|The Game of Petanque (Photo courtesy 'Petanque.org')|
In earlier issues of the North American Bowling News, we reported on other variations of the bowling game—bocce (Issue 8) and lawn bowling (Issue 5). In this edition, we'll discuss a similar game that is popular in France, as well as numerous other locations in the world—the game of Petanque. The main difference between bocce and lawn bowling vs. petanque is that in the prior two variations, balls are normally rolled, while in petanque, the balls are primarily thrown, but with a backspin technique similar to that of the French Canadian version of the rubberband duckpin game. 'Rolling a ball' is allowed, but not done nearly as often as the 'lobbing' motion—a motion that oftentimes in high-profile stadium competition exhibits a loft of 12-15 feet in height.
The game of boules, otherwise known as pétanque, is perhaps the sport that is closest to French hearts. Similar to British lawn bowling or Italian bocce, the French version is traditionally played with metallic balls on a dirt or fine gravel surface, mostly outdoors. Like our bowling alleys, the local 'bowladrome' is a social focal point for gatherings in southern France.

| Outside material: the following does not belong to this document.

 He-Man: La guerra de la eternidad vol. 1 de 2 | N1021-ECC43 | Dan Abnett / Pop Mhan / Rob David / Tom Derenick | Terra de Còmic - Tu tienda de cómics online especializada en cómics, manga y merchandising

The object of the game is to throw your balls, usually with somewhat of an arched backspin so that they land closer to the small object ball (cochonet) than those of your opponent, or strike and drive the object ball toward your other balls and away from your opponent's. Unless you've played, or seen the game played, it's difficult to grasp the concept of the reason for using backspin on a dirt surface. It should be emphasized that the balls are mostly thrown, and not rolled. The backspin effect almost makes the game more like horseshoes than bowling.
Tournament play is extremely fascinating. Accuracy is of paramount importance in the game of petanque.

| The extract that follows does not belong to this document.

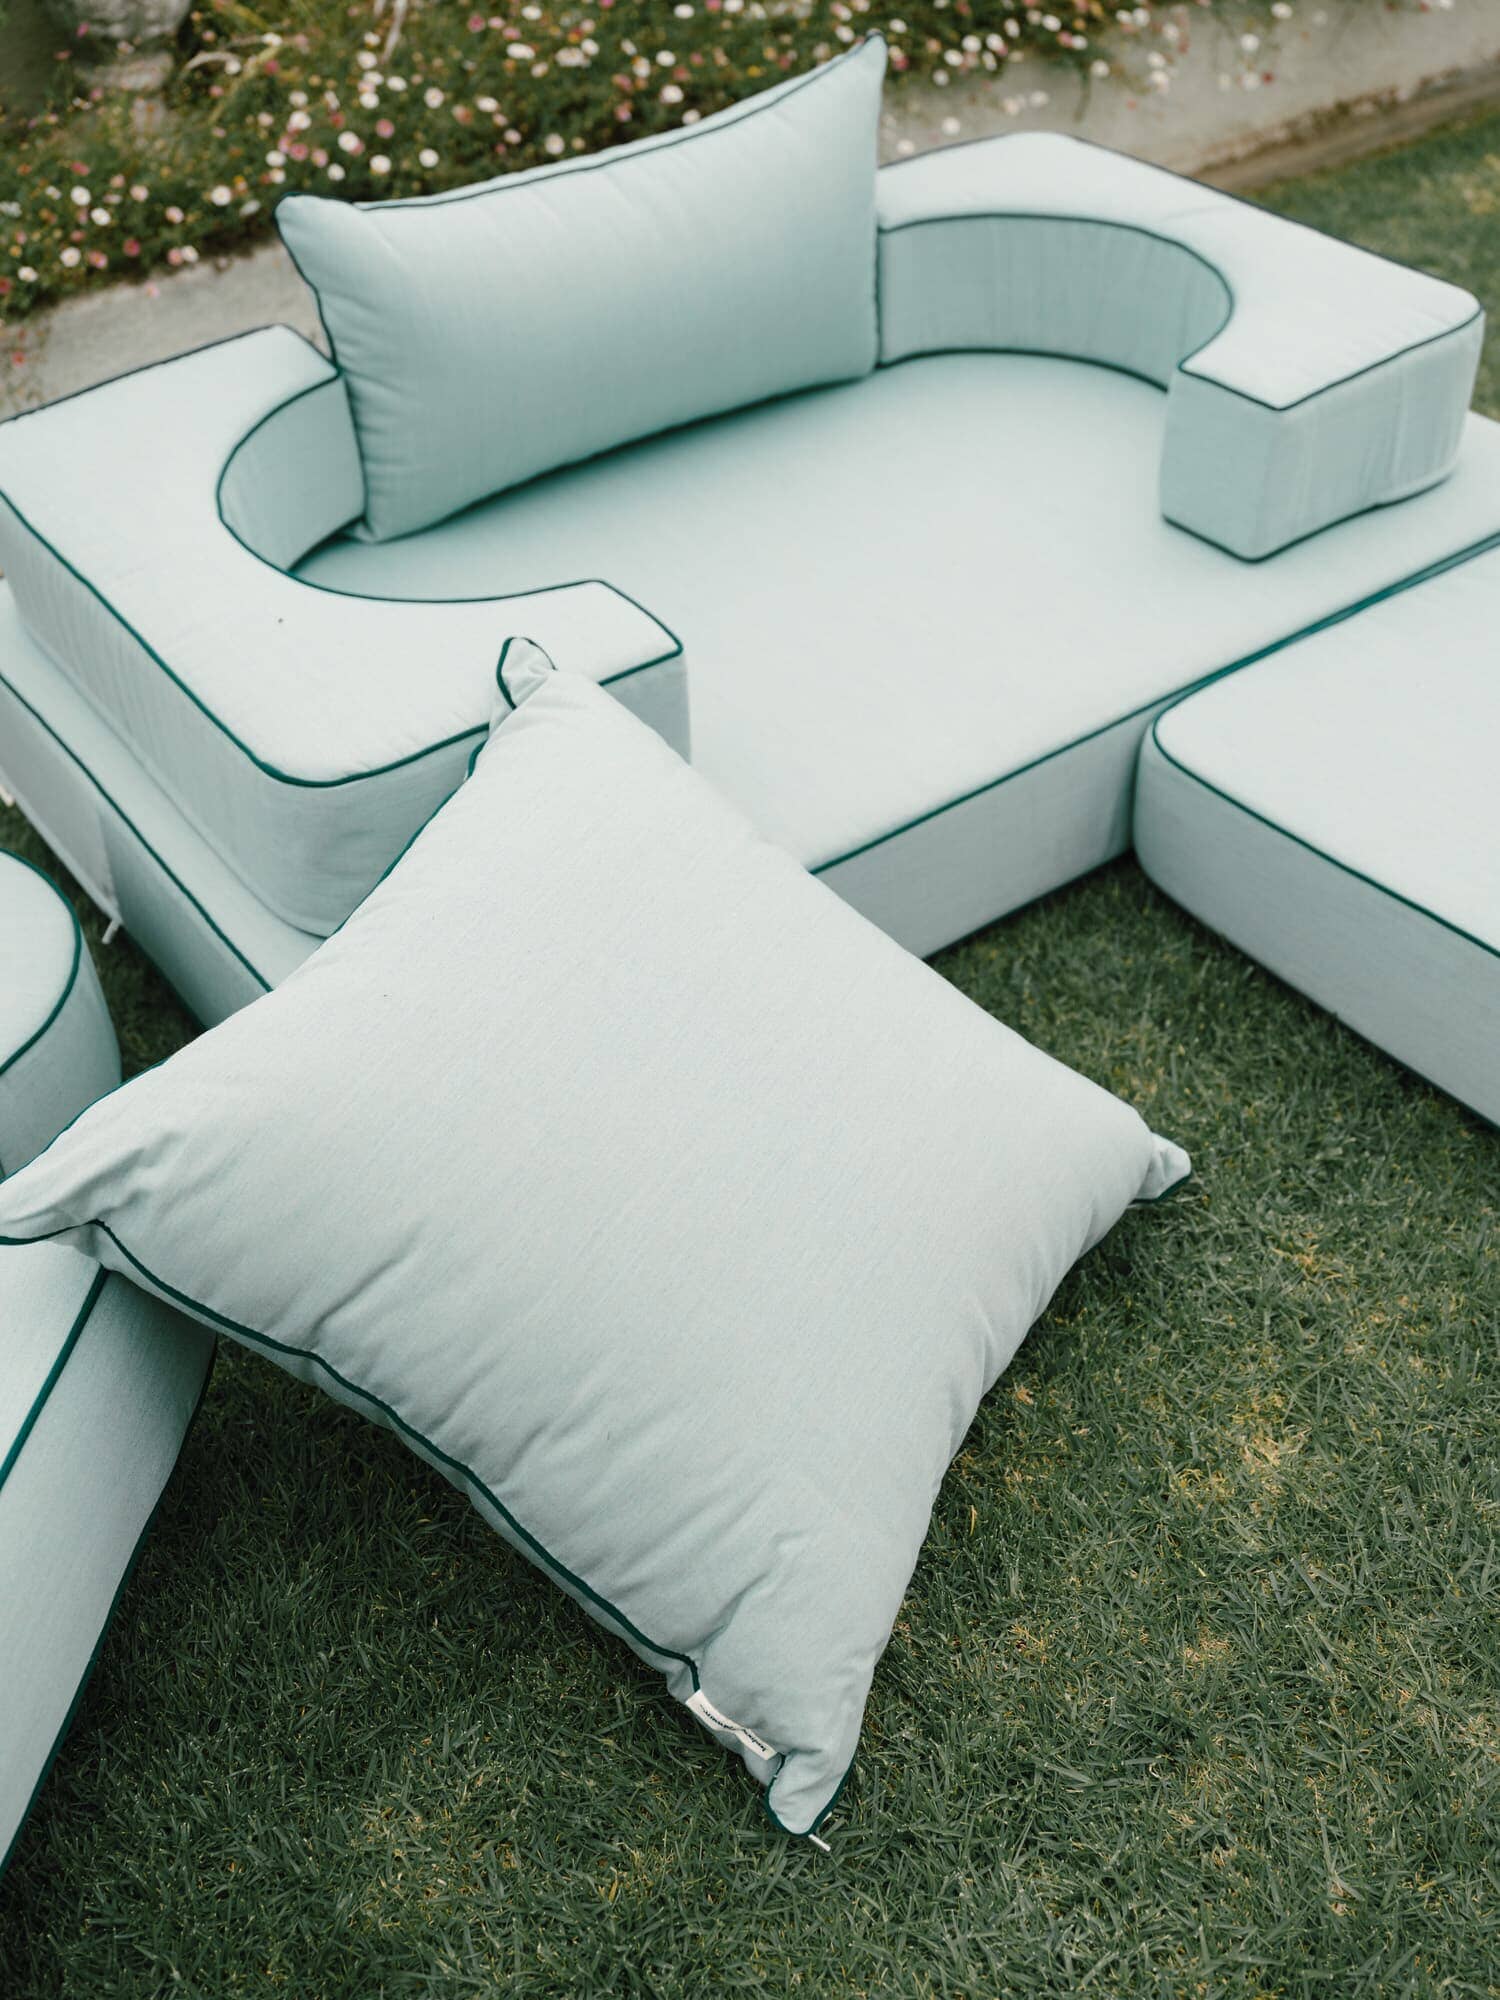 Riviera Green outdoor pillows on grass

Only one team gets points per round, and the teams play as many rounds as it takes to arrive at 13 points. The first team to arrive at 13 points wins.
In competition, you can either play 1 vs. 1 (3 balls per player); 2 vs. 2 (3 balls per player); or 3 vs. 3 (2 balls per player). The teams flip a coin to see who starts. The starting team draws a circle in the ground, then throws the target ball, or cochonet, out to a distance of 6 to 10 meters. The starting team then throws its first ball, trying to get as close as possible to the cochonet. Then the 2nd team's player stands in the circle, and tries to get its team's ball closer to the cochonet than the opposing team. As mentioned earlier, a common strategy is to aim at the opposing team's ball to knock it away from the object ball. If a team does get a ball closer than any of its opponents, it's called "having the point", and then the opposing team has to take the field and then attempt to get a ball closer to the cochonet. The team which does not have the closest ball to the cochonet keeps throwing balls until either they get closest, or they run out of balls to throw.

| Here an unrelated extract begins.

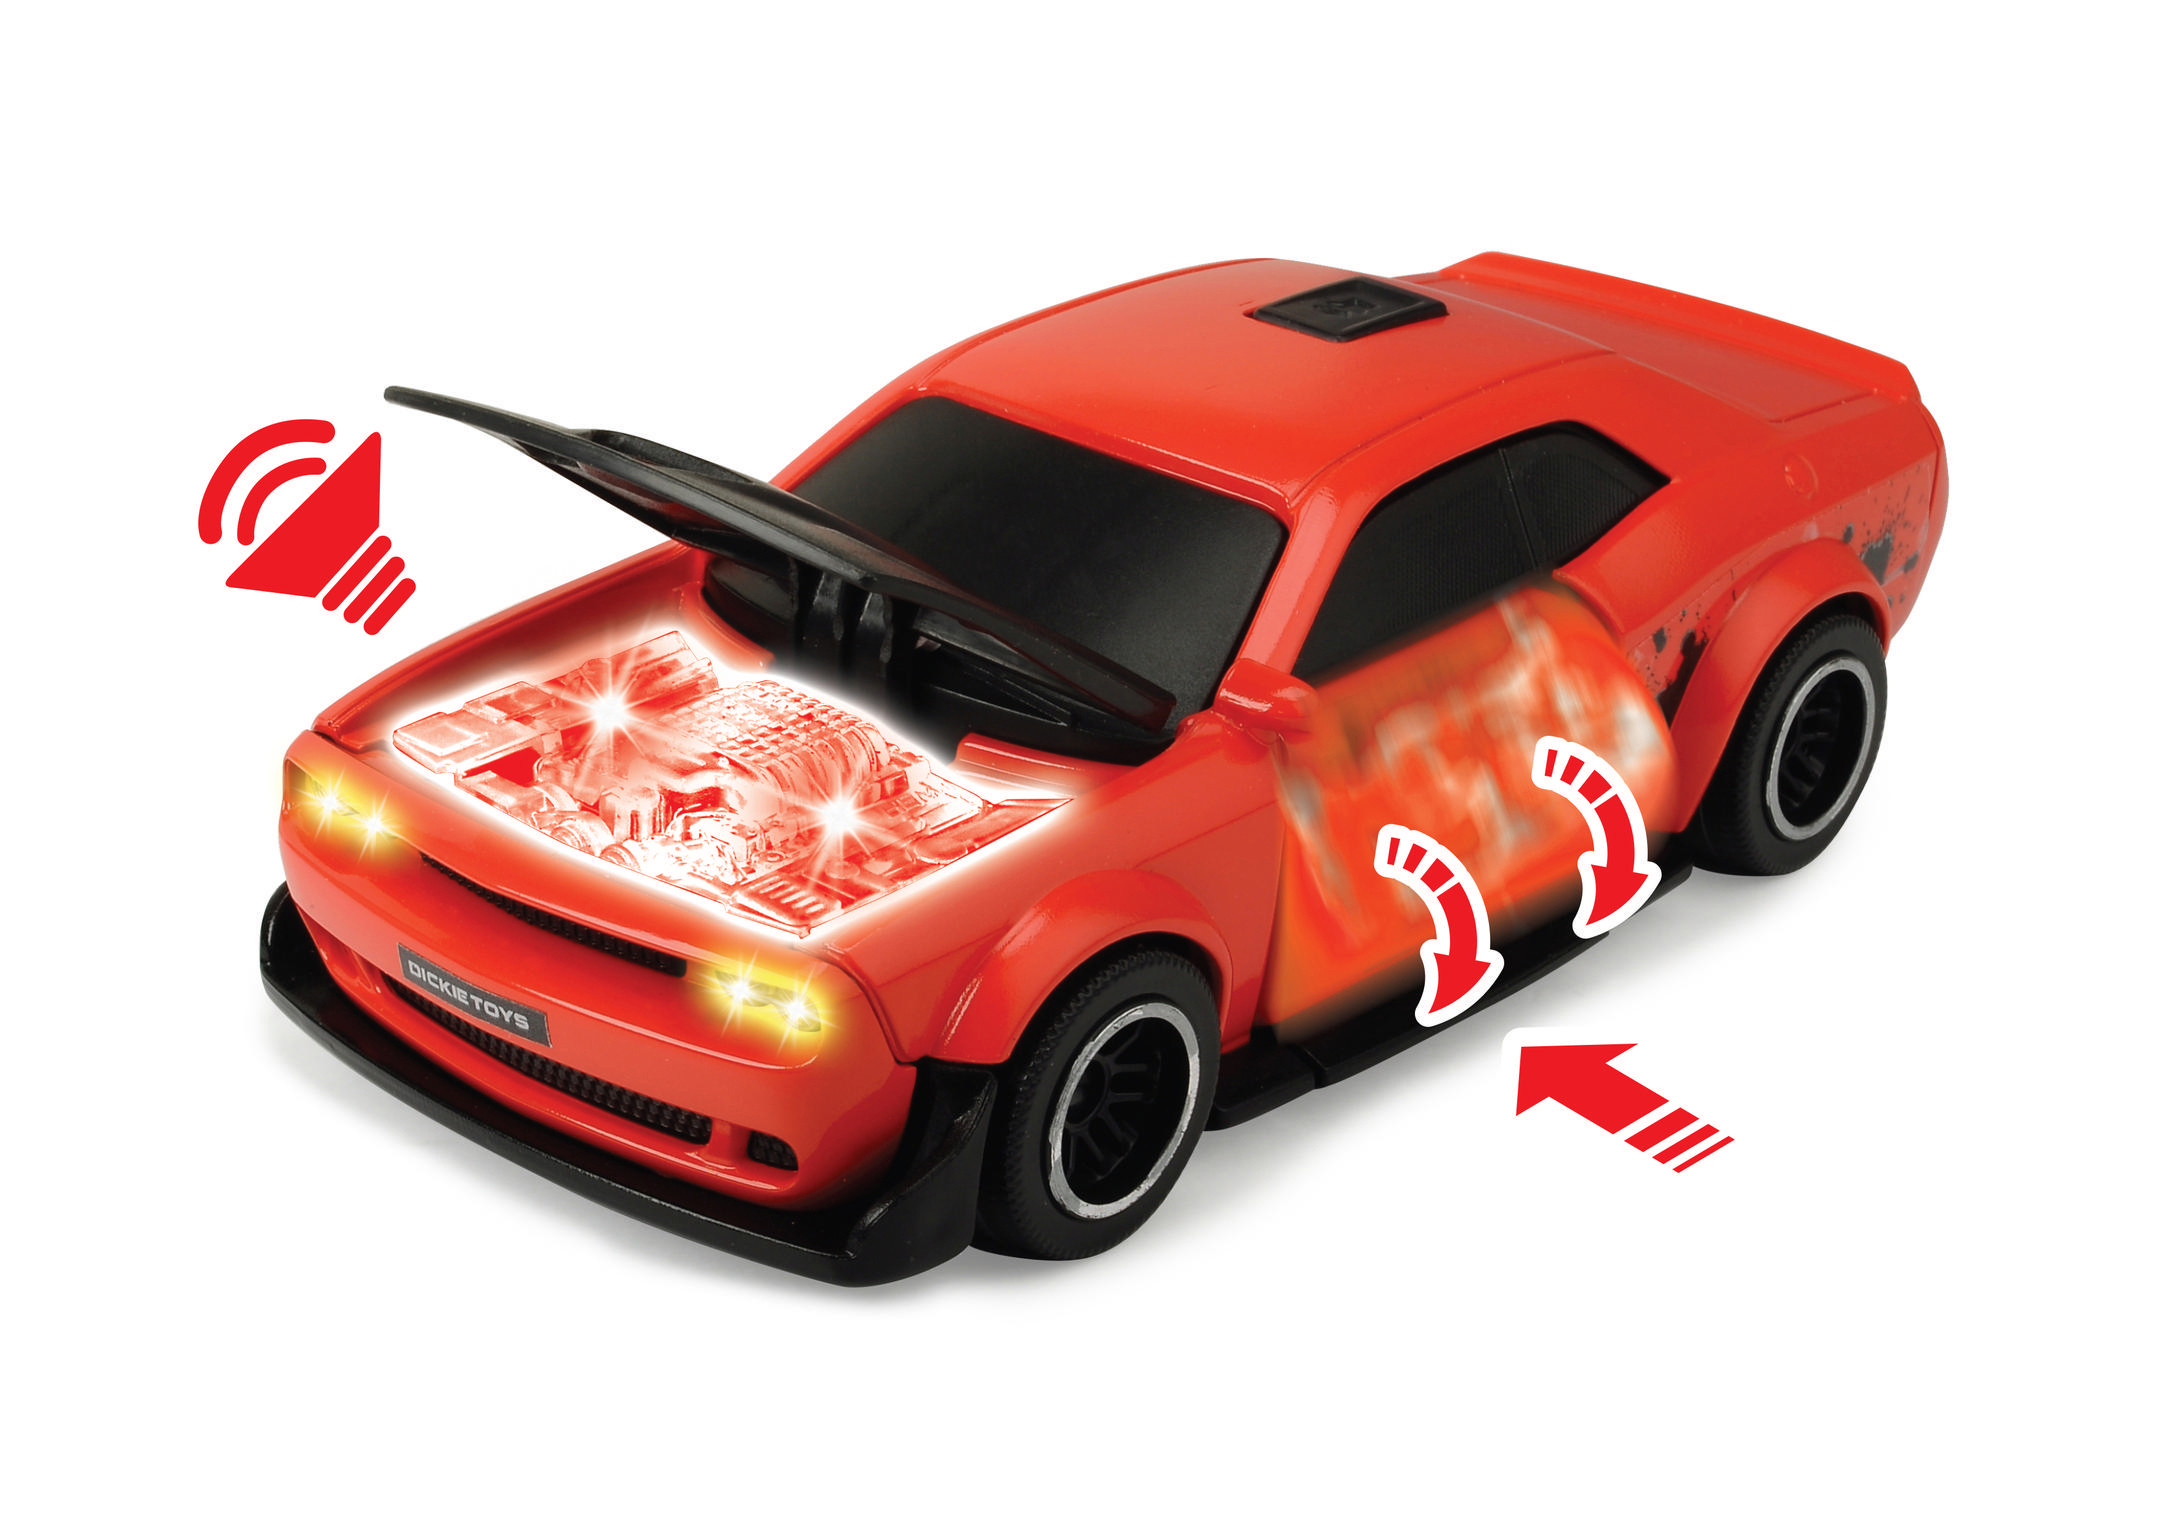 DICKIE-TOYS Dodge Challenger SRT Hellcat, Spielzeugauto Freilauf, Rot/Grün mit Spielzeugauto sortiert 2-fach

When all balls are thrown, only the balls of the one team that are closest to the cochonet are added to the running score. For example, if team A "has the point" and has 2 of its 3 balls closest to the cochonet than any of the opposing team's balls, then team A gets 2 points added to their score for the round.
The team which "had the point" in a previous round starts the new round, drawing a circle around the position of the cochonet and uses that as the new throwing circle. There can be lots of strategy used when playing Petanque. Defensive "walls" of balls in front of the cochonet may block an opponent from "getting the point".